# Input for this task:
====================

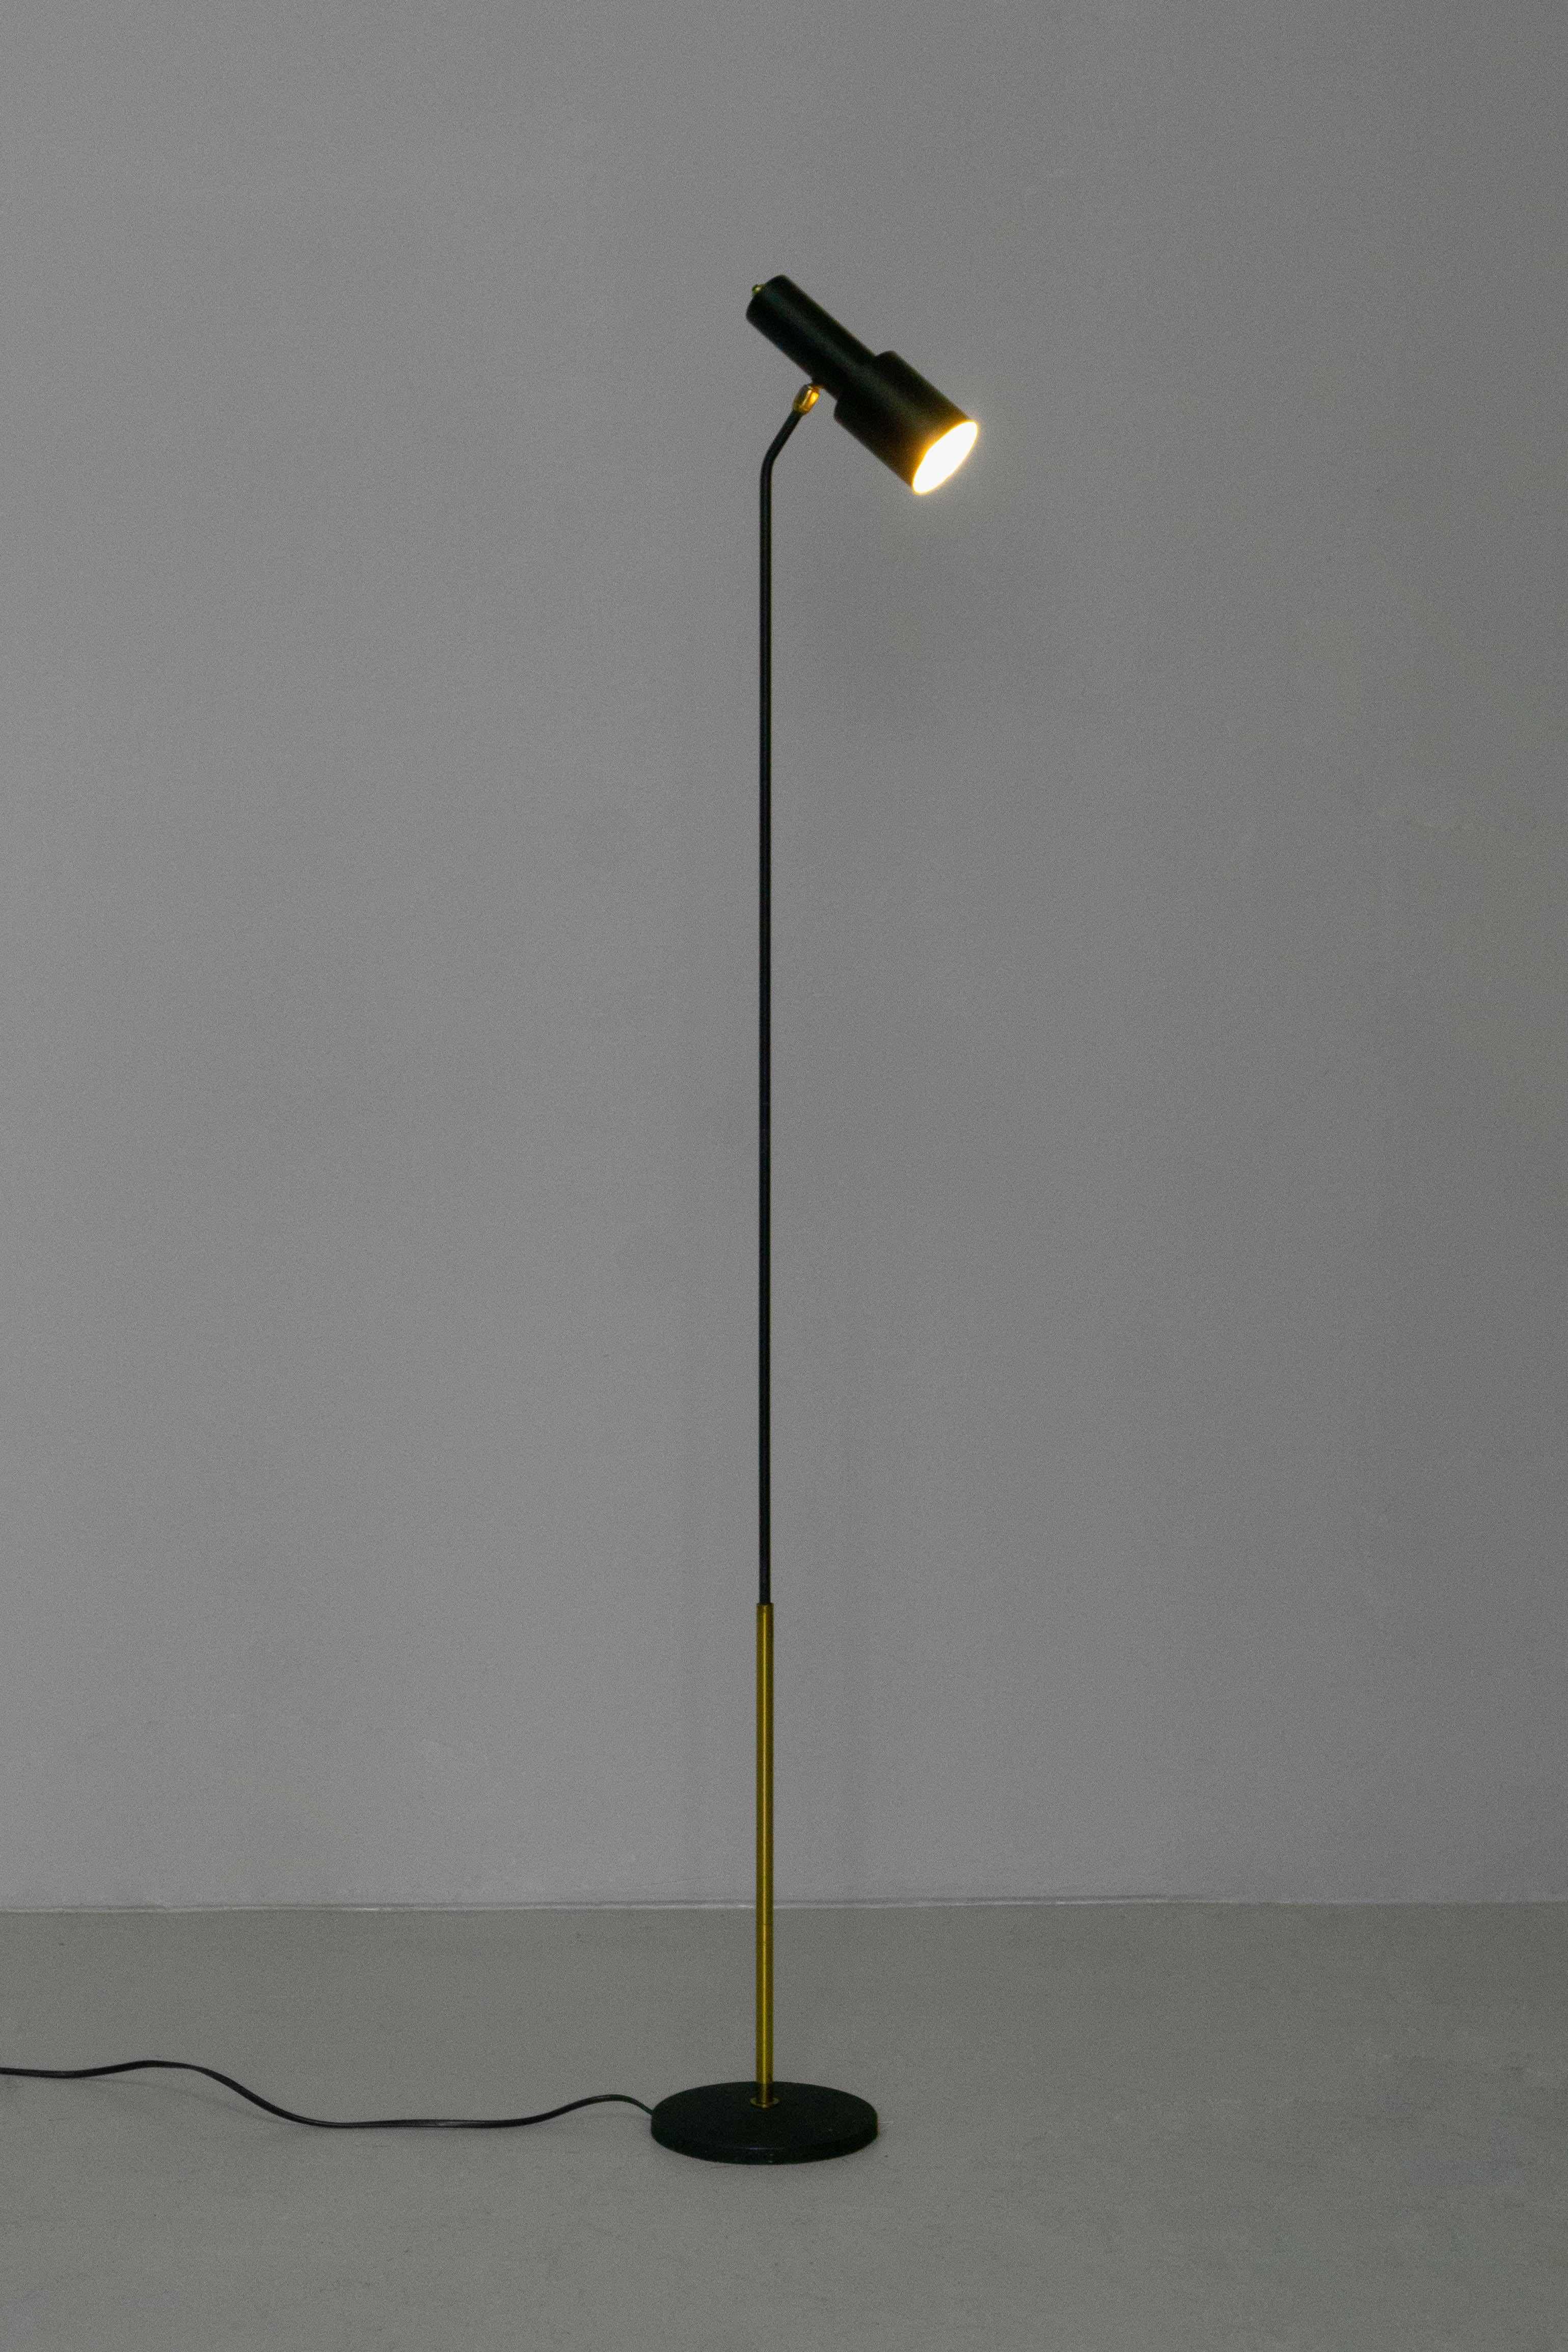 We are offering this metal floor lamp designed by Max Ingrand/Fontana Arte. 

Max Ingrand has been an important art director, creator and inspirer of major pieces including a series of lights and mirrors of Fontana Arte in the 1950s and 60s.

====================

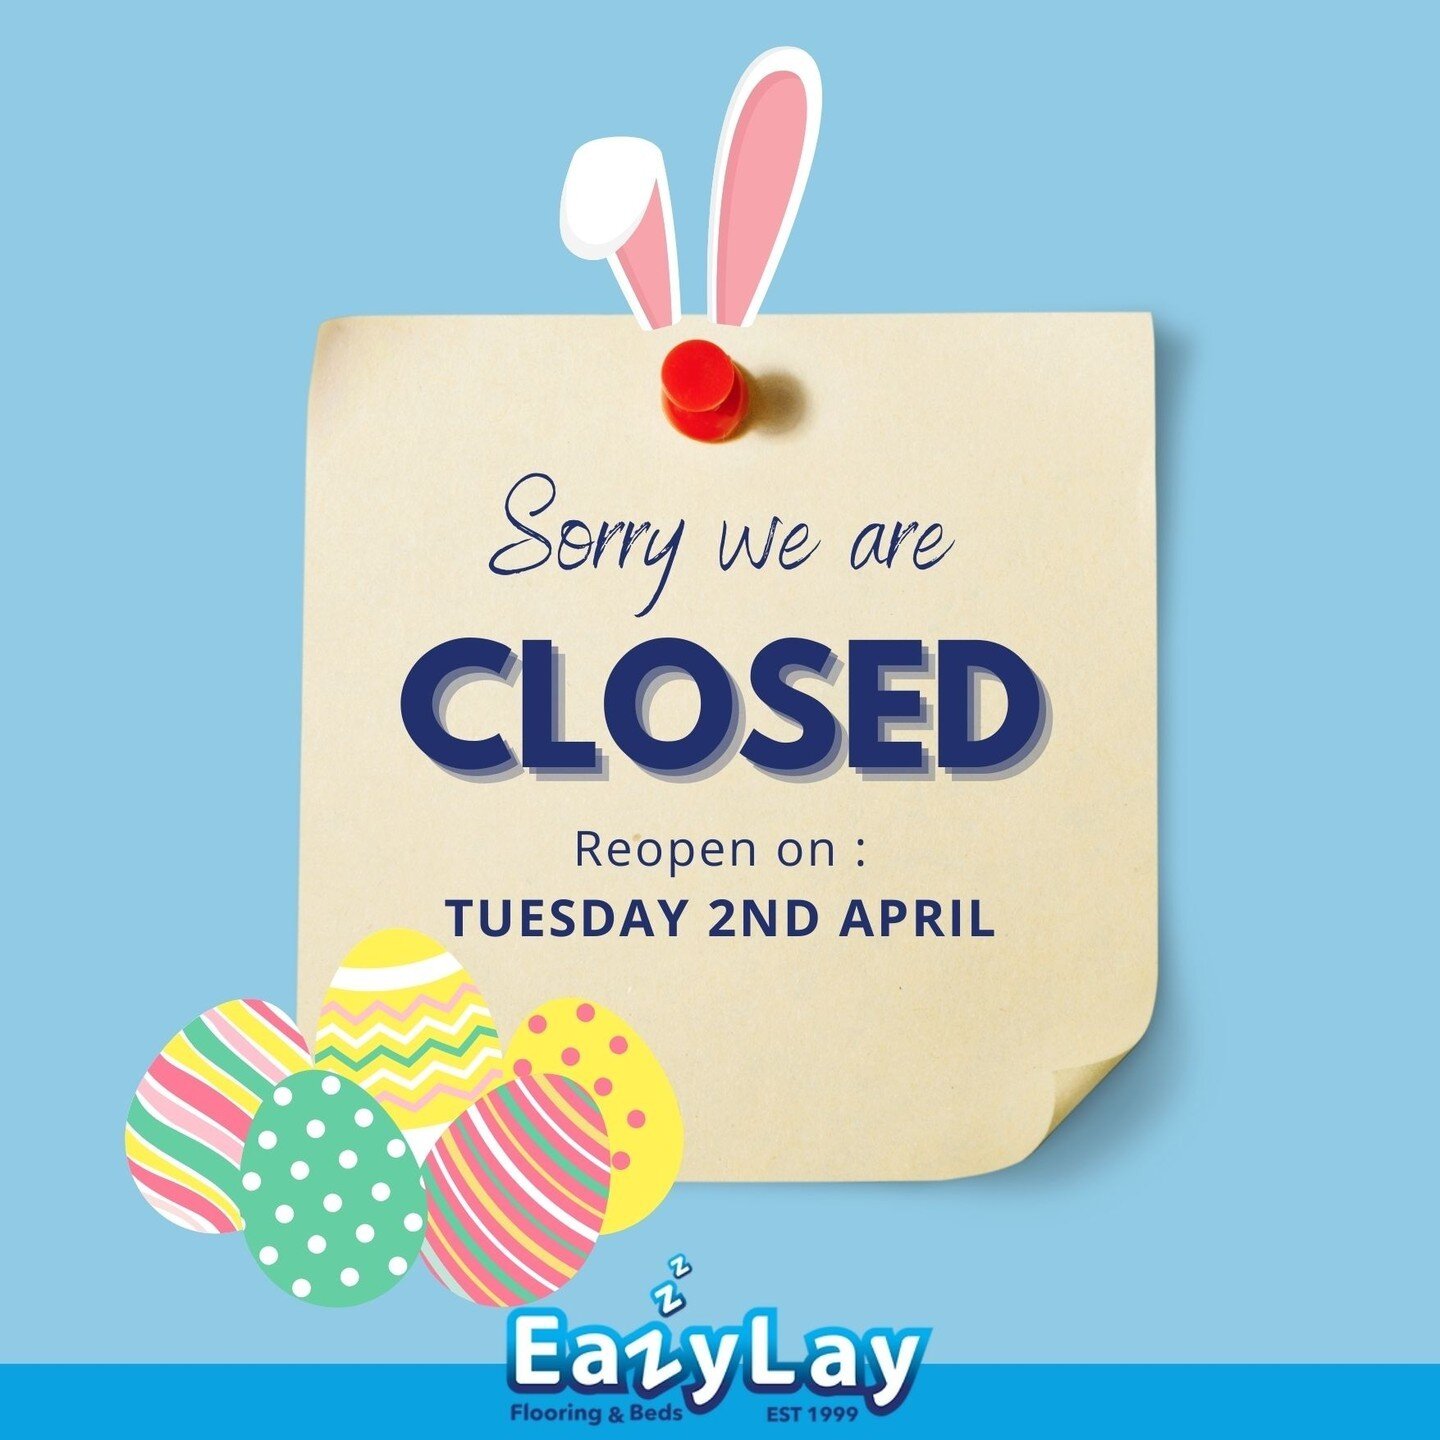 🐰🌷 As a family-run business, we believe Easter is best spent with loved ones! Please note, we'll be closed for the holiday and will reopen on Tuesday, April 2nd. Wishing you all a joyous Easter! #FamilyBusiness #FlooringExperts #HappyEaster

====================

# Work to be completed:
Find where the line with "We are offering" sits in the material above and where the line with "Max Ingrand has" sits. Set down exactly the lines from the first to the second, both included and nothing else, without pictures.

# Response:
 We are offering this metal floor lamp designed by Max Ingrand/Fontana Arte. 

Max Ingrand has been an important art director, creator and inspirer of major pieces including a series of lights and mirrors of Fontana Arte in the 1950s and 60s.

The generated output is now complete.